# Work to be completed
These records contain pictures, which must be left out; copy exactly the lines from the one with "Michael Jordan /" up to and including the one with "Krémovo-čierne dámske sandále".

# Excerpted records

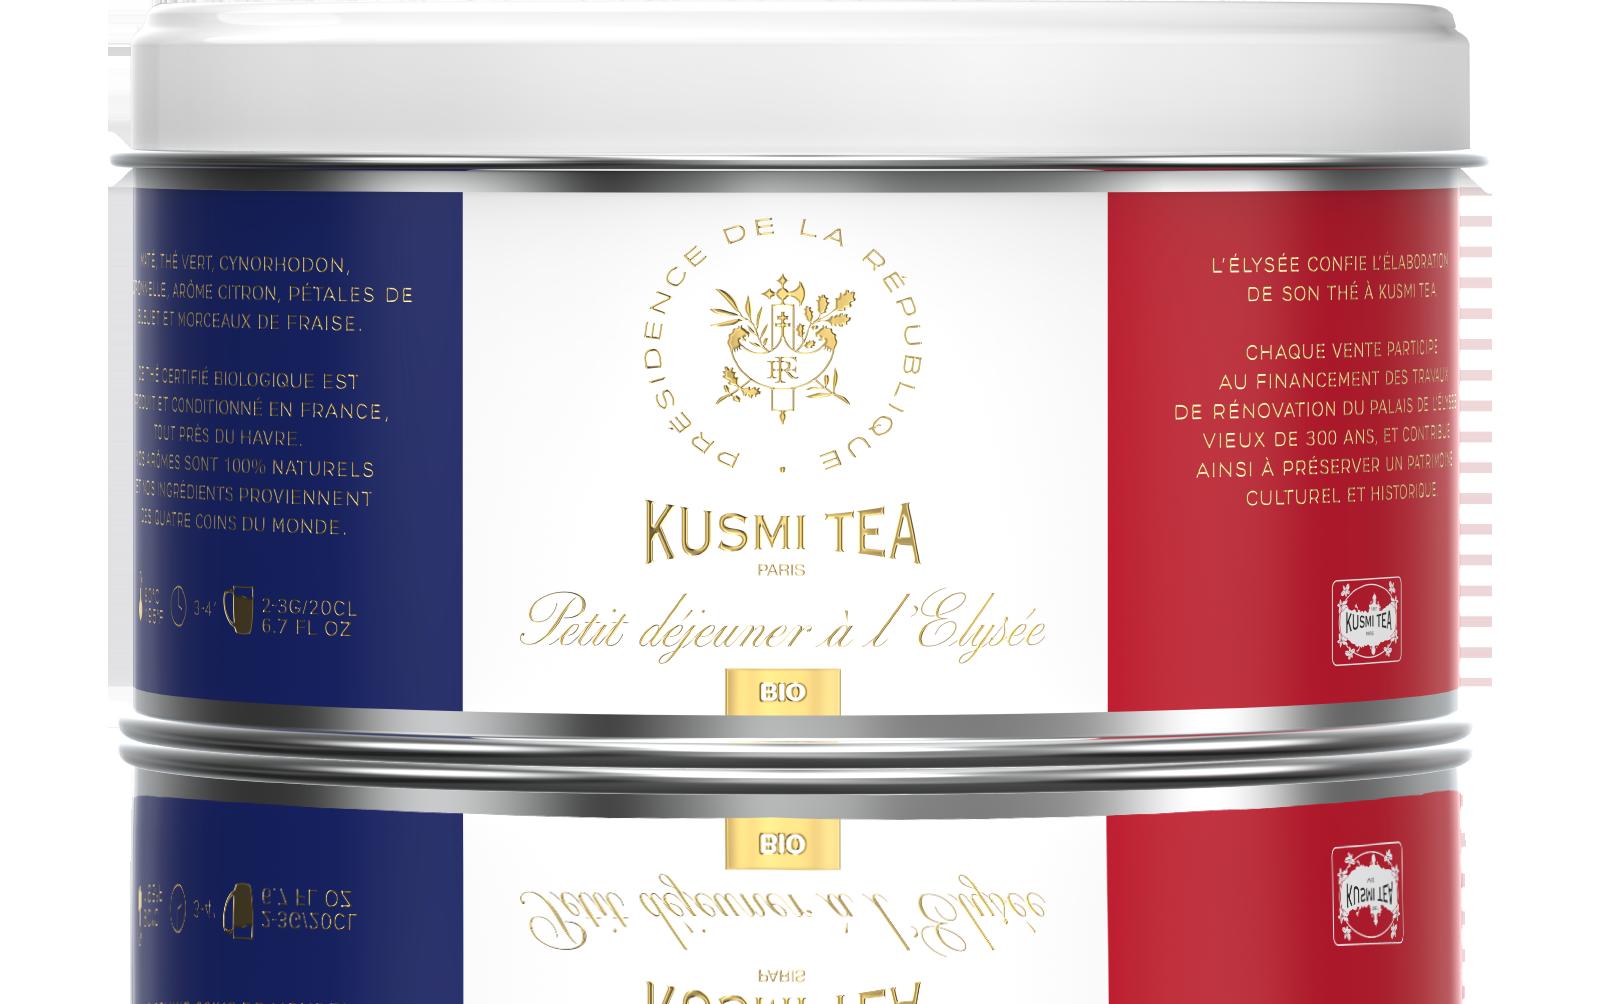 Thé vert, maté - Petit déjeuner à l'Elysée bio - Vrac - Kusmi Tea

* * *

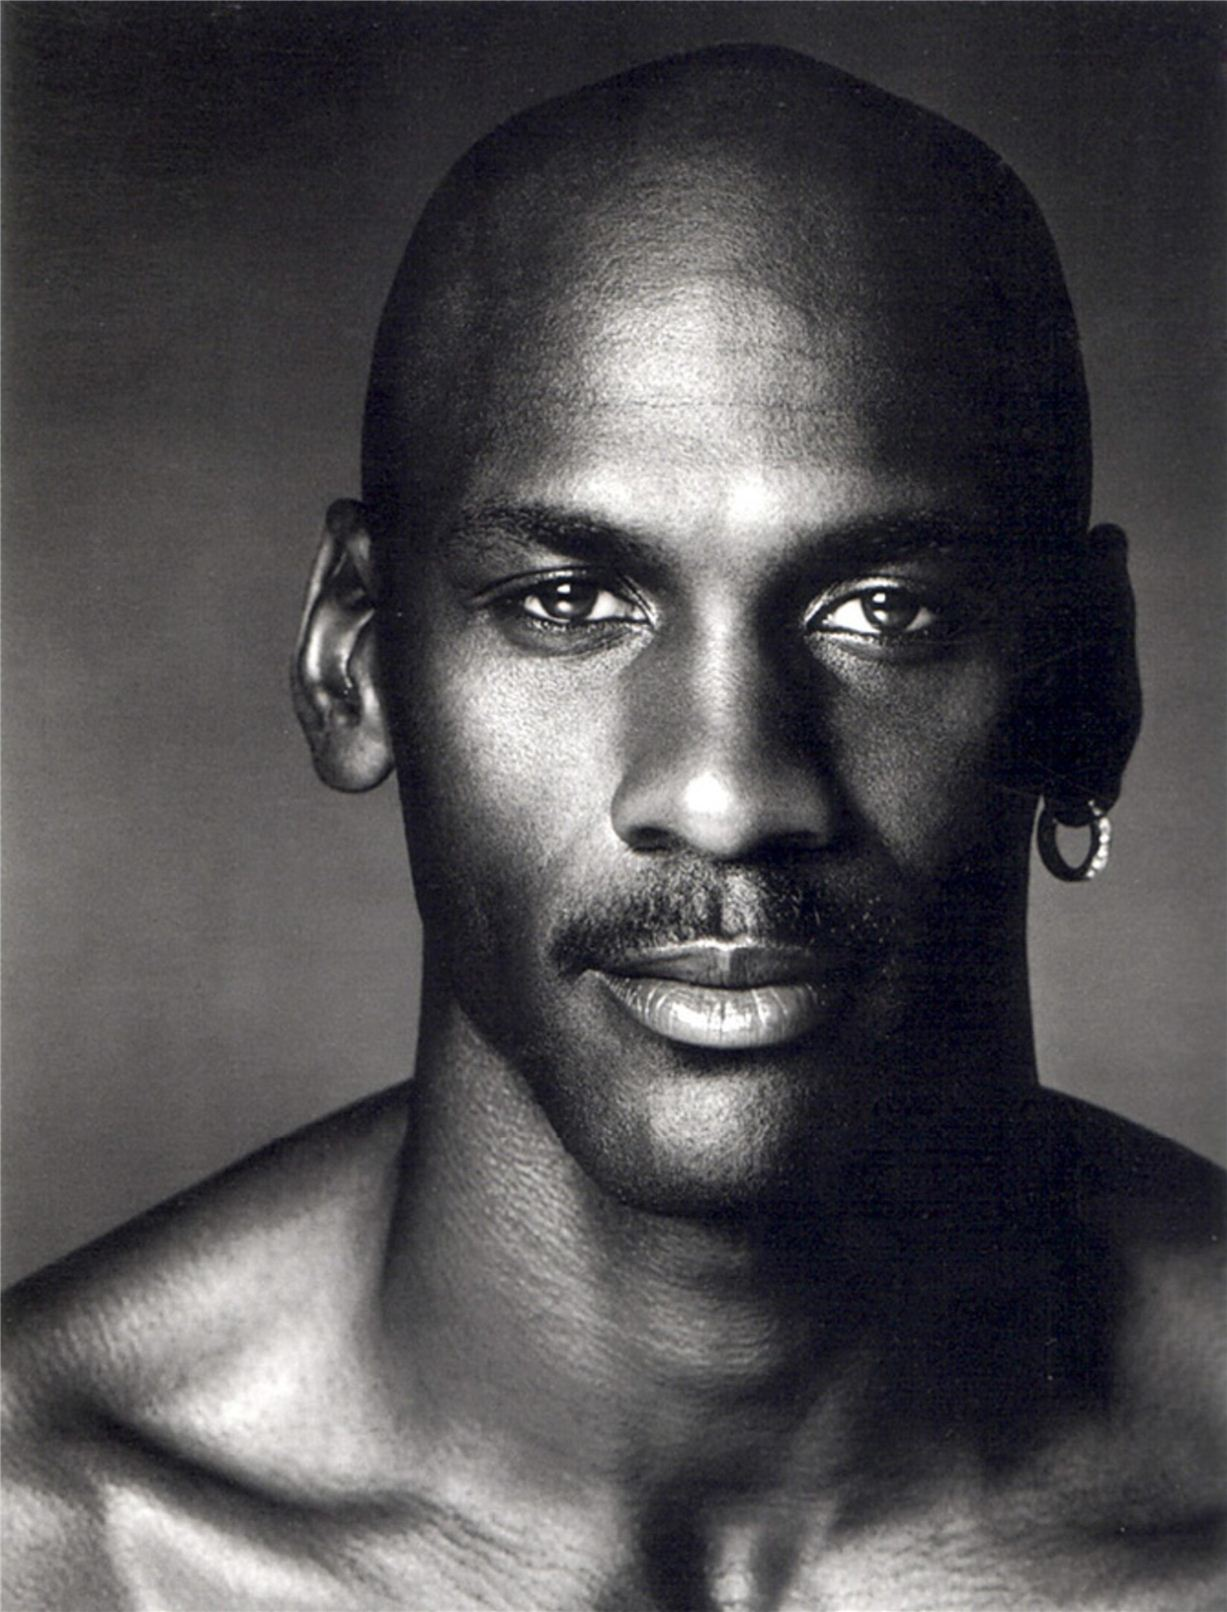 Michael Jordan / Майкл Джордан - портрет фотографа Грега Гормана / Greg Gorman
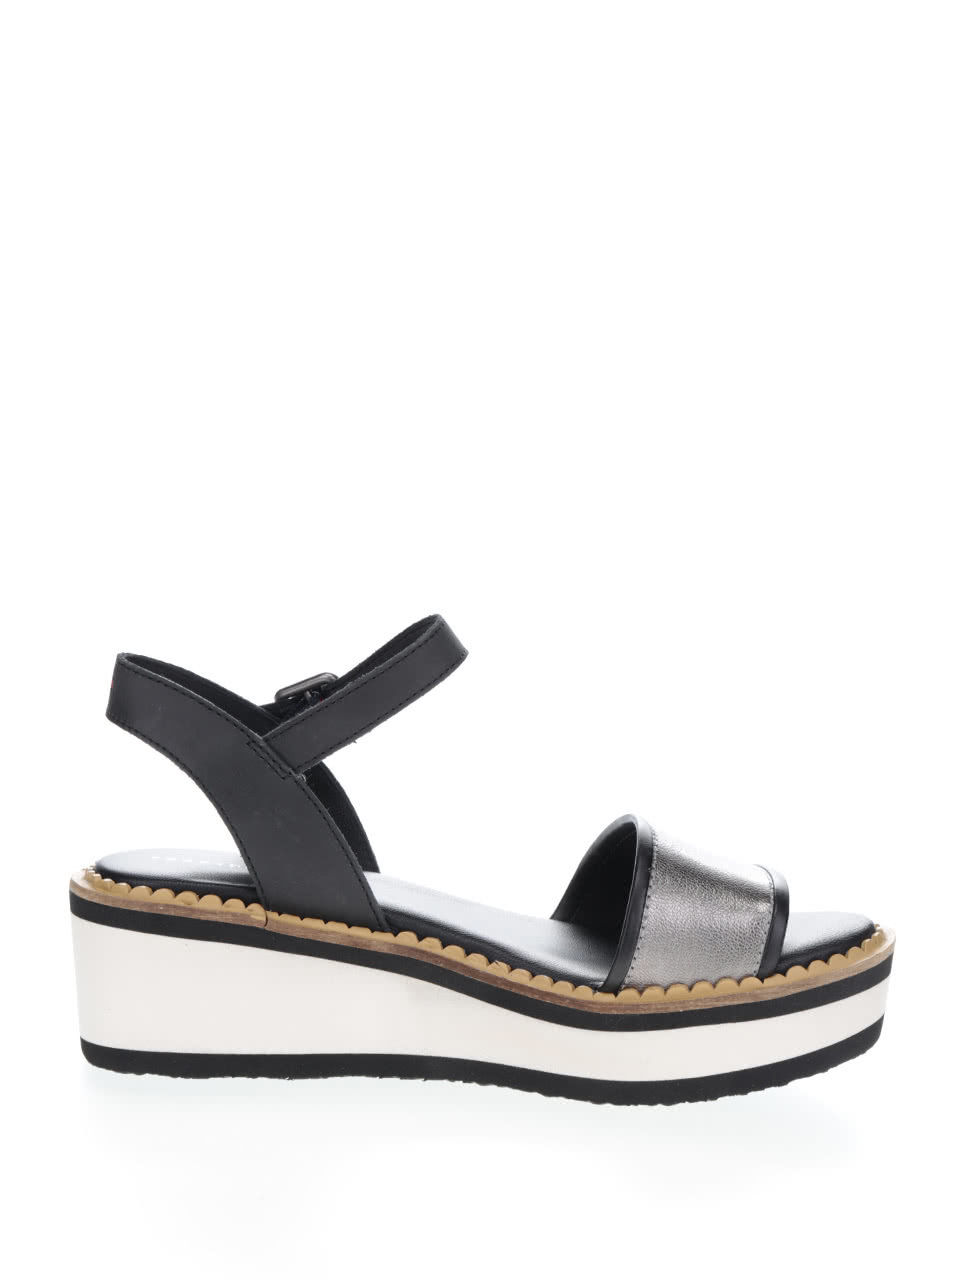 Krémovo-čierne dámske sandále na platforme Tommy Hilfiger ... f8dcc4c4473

---

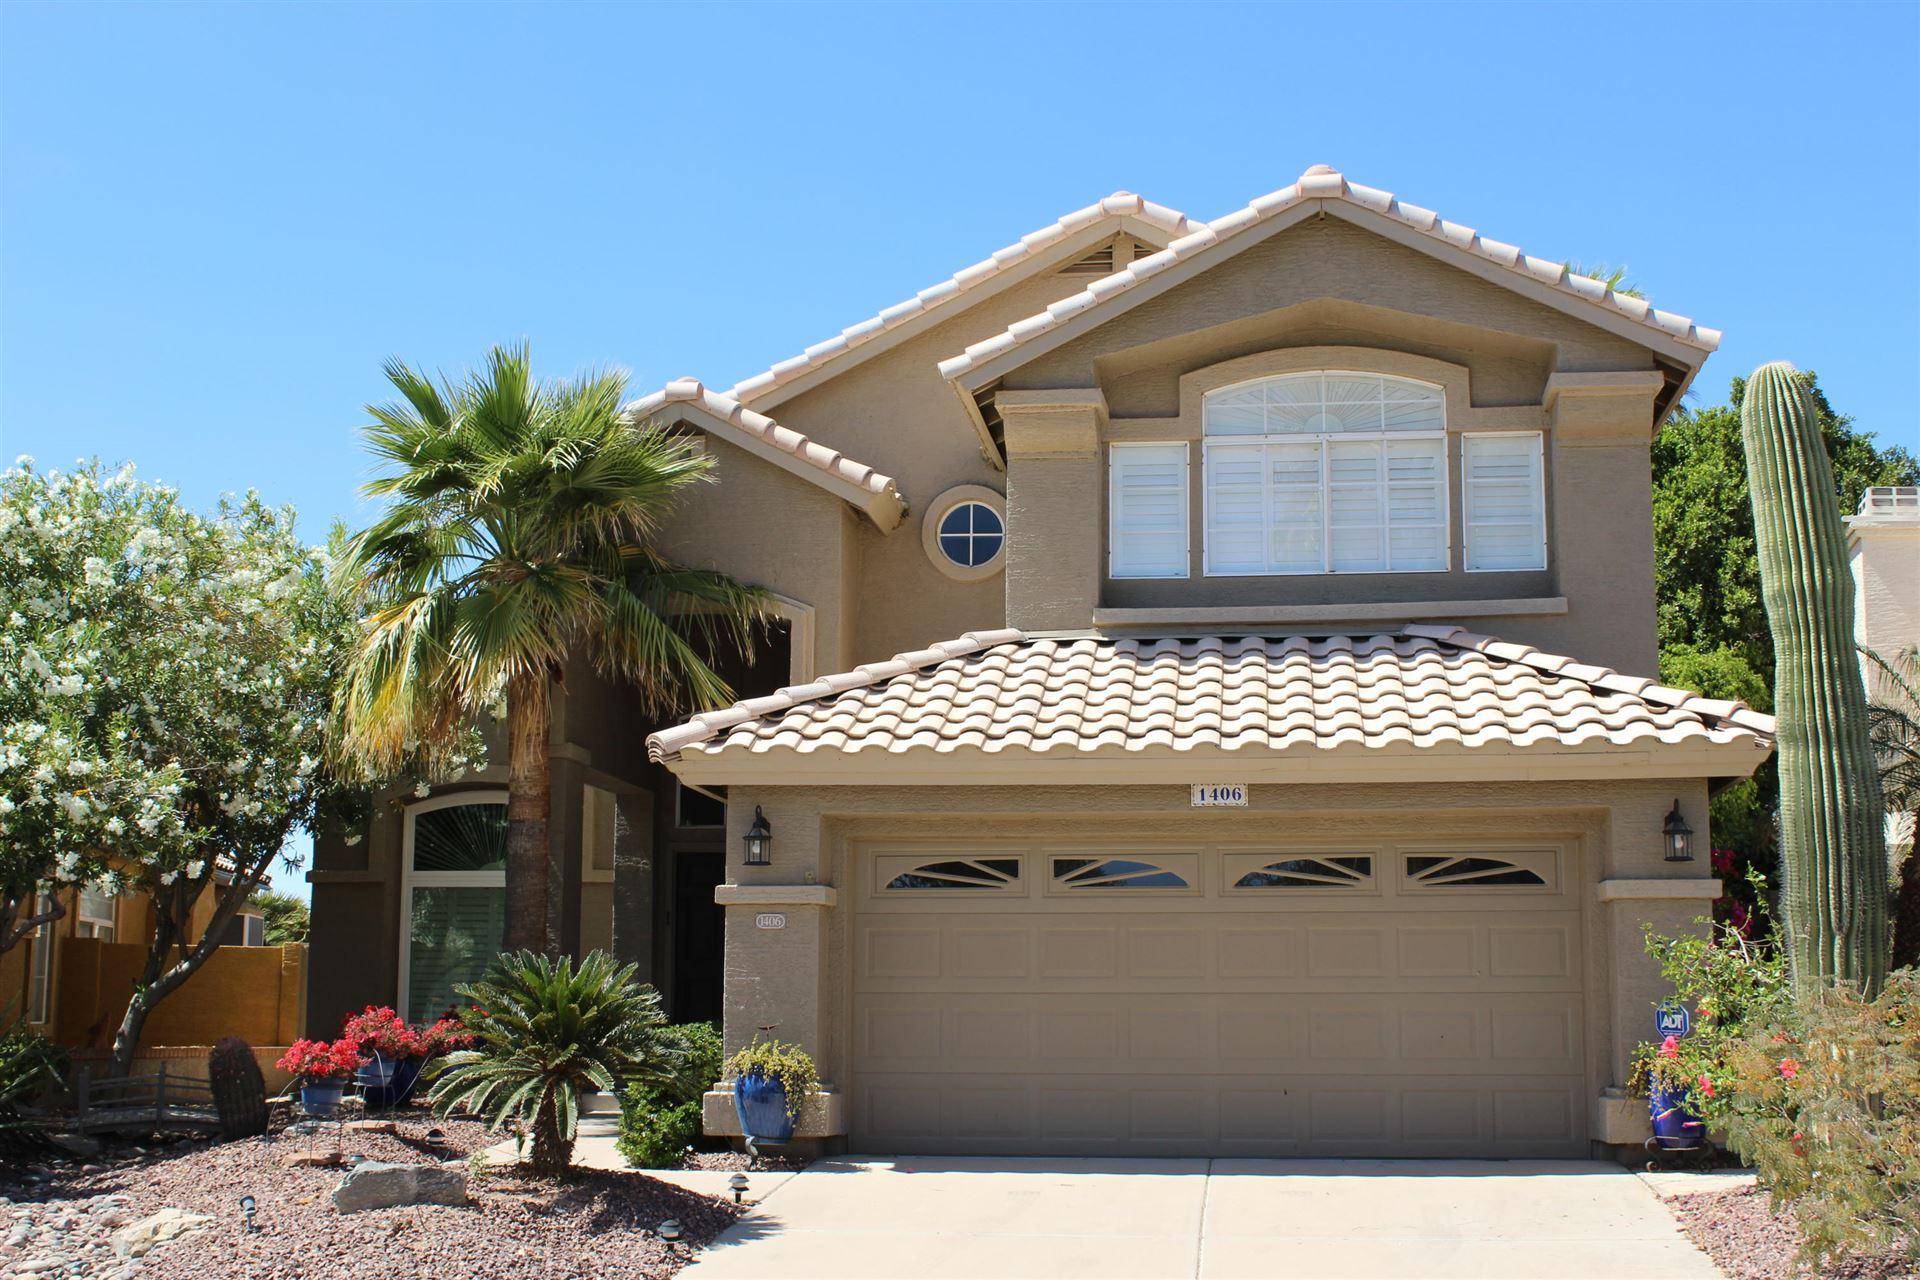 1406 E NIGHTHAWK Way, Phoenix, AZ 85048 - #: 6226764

# Exercise output
 Michael Jordan / Майкл Джордан - портрет фотографа Грега Гормана / Greg Gorman
 Krémovo-čierne dámske sandále na platforme Tommy Hilfiger ... f8dcc4c4473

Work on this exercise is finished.